Milli Görüs geeft met Turkse studiereis geen vertrouwenwekkend signaal af
Er zijn nog steeds PvdA’ers die spontaan buikpijn krijgen wanneer de naam Milli Görüs valt. Rond de Turkse moskeekoepel die in Nederland een veertig- tot vijftigtal moskeeën onder haar hoede heeft en naar schatting zo’n 15.000 aanhangers telt, ontstond in 2014 binnen hun partij een flinke rel. Uiteindelijk werd daaruit de concurrent DENK geboren.
Het schisma spitste zich toe op de vraag of er redenen waren om Milli Görüs nauwlettender in de gaten te gaan houden, zoals toenmalig PvdA-bewindsman Asscher destijds aankondigde. Stigmatiserend, vonden de PvdA’ers en DENK-initiatiefnemers Kuzu en Öztürk.
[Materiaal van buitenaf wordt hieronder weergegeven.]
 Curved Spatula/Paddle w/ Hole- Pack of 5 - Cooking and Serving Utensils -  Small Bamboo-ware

Over de vraag of Asscher destijds reden had de moskeebeweging met enige argwaan te bejegenen is vier jaar later het laatste woord nog altijd niet gezegd. Volgens diverse onderzoekers ontwikkelt de Nederlandse tak van de moskeekoepel zich voorzichtig van een club van antiwesterse signatuur tot een beweging die de islam beter wil laten aansluiten bij de kernwaarden van de Nederlandse democratie.
Daarmee blijkt echter niet alles gezegd. Na een publicatie in NRC Handelsblad bevestigde Milli Görüs maandag in 2014, 2015 en 2016 met groepen Turks-Nederlandse jongeren studiereizen naar Istanbul te hebben gemaakt. De organisatie spreekt van educatieve kampen en zet uiteen dat het lesprogramma een combinatie behelsde van communicatietraining, timemanagement en Koranonderwijs.
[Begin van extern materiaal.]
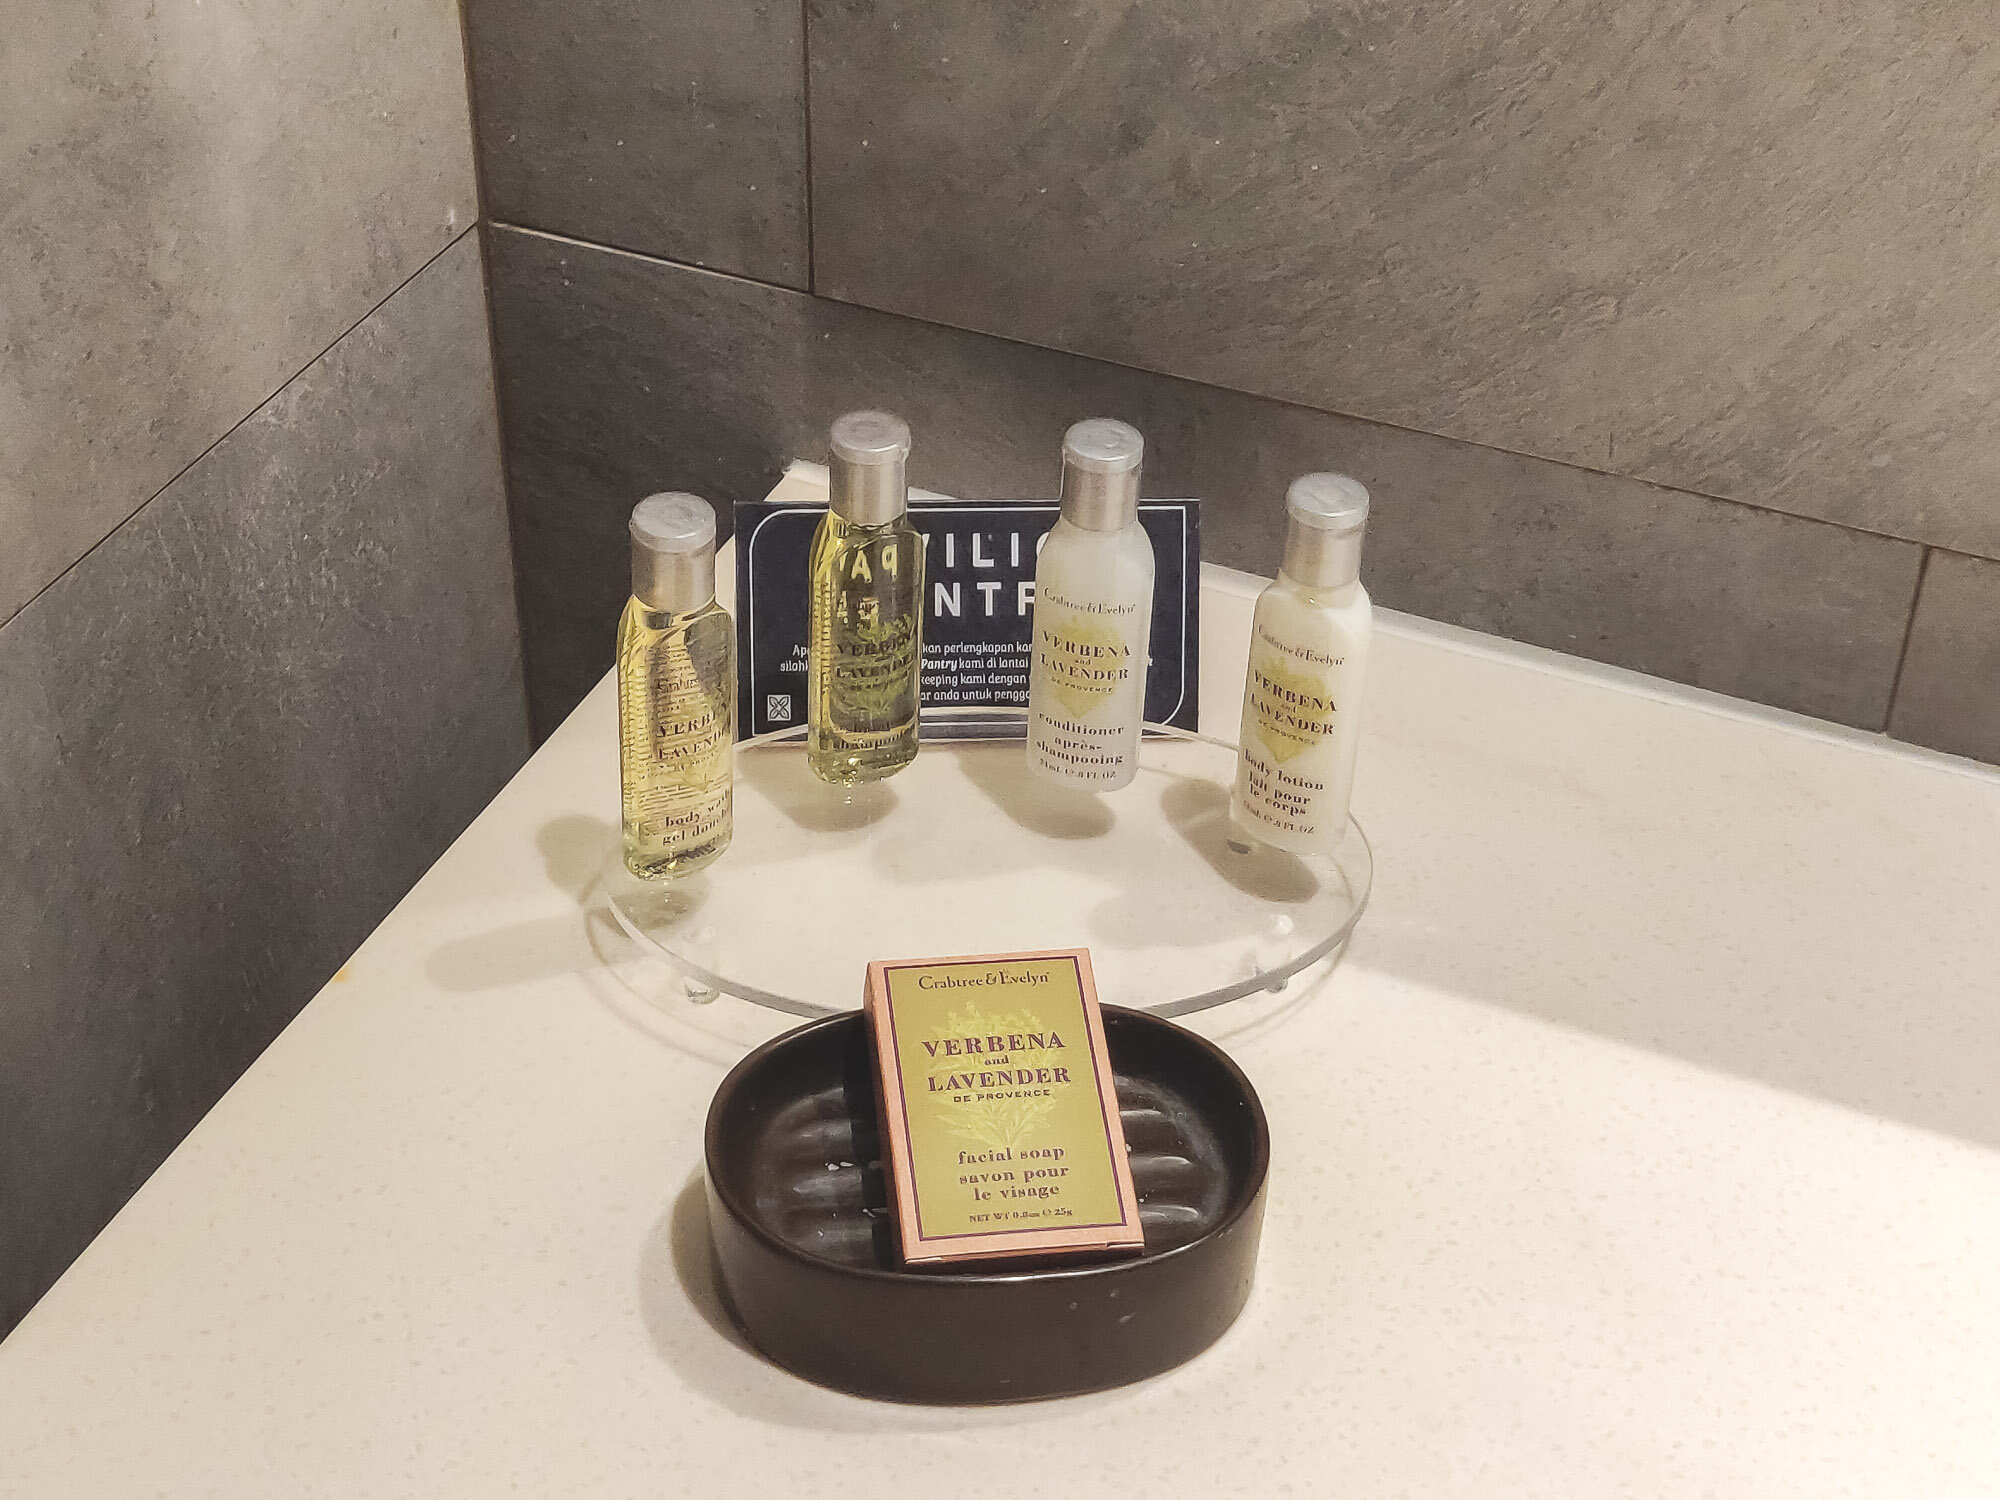 Crabtree & Evelyn toiletries

Op elk van de drie reizen werd de salafistische prediker Nureddin Yildiz bezocht. Deze imam runt in Istanbul een eigen opleidingsinstituut en heeft er op sociale media meerdere keren blijk van gegeven sympathie te koesteren voor jihadistische strijdgroepen. Aan de prediker wordt verder de controversiële uitspraak toegeschreven dat de Koran volop ruimte biedt voor kindhuwelijken.
Die excursies roepen vragen op; onder meer bij de VVD-Tweede Kamerfractie, die de ministers Grapperhaus (Justitie en Veiligheid) en Koolmees (Integratie) om opheldering heeft gevraagd. Milli Görüs stelt in een eerste weerwoord de reizen te hebben gestopt vanwege de ophef die Yildiz’ uitlatingen, ook in Turkije, veroorzaakten. Tegelijkertijd breekt de organisatie een lans voor de prediker: zijn woorden zouden uit hun context zijn gehaald en het totaalplaatje rond Nureddin Yildiz zou genuanceerder zijn.
Dat deze salafist ook weleens iets te berde heeft gebracht dat niet aanstootgevend is, zal waar zijn. Dat laat onverlet dat er door een niet onomstreden, Turkse instantie die druk bezig is bij de Nederlandse overheid enige goodwill te verwerven, betere les- en reisprogramma’s te bedenken moeten zijn. Kan, als de organisatie transparantie echt zo hoog in het vaandel heeft staan, het Koranonderwijs aan geïnteresseerde jongeren niet vanuit Nederland worden aangeboden?
Ook voor Milli Görüz geldt: vertrouwen komt te voet en gaat te paard.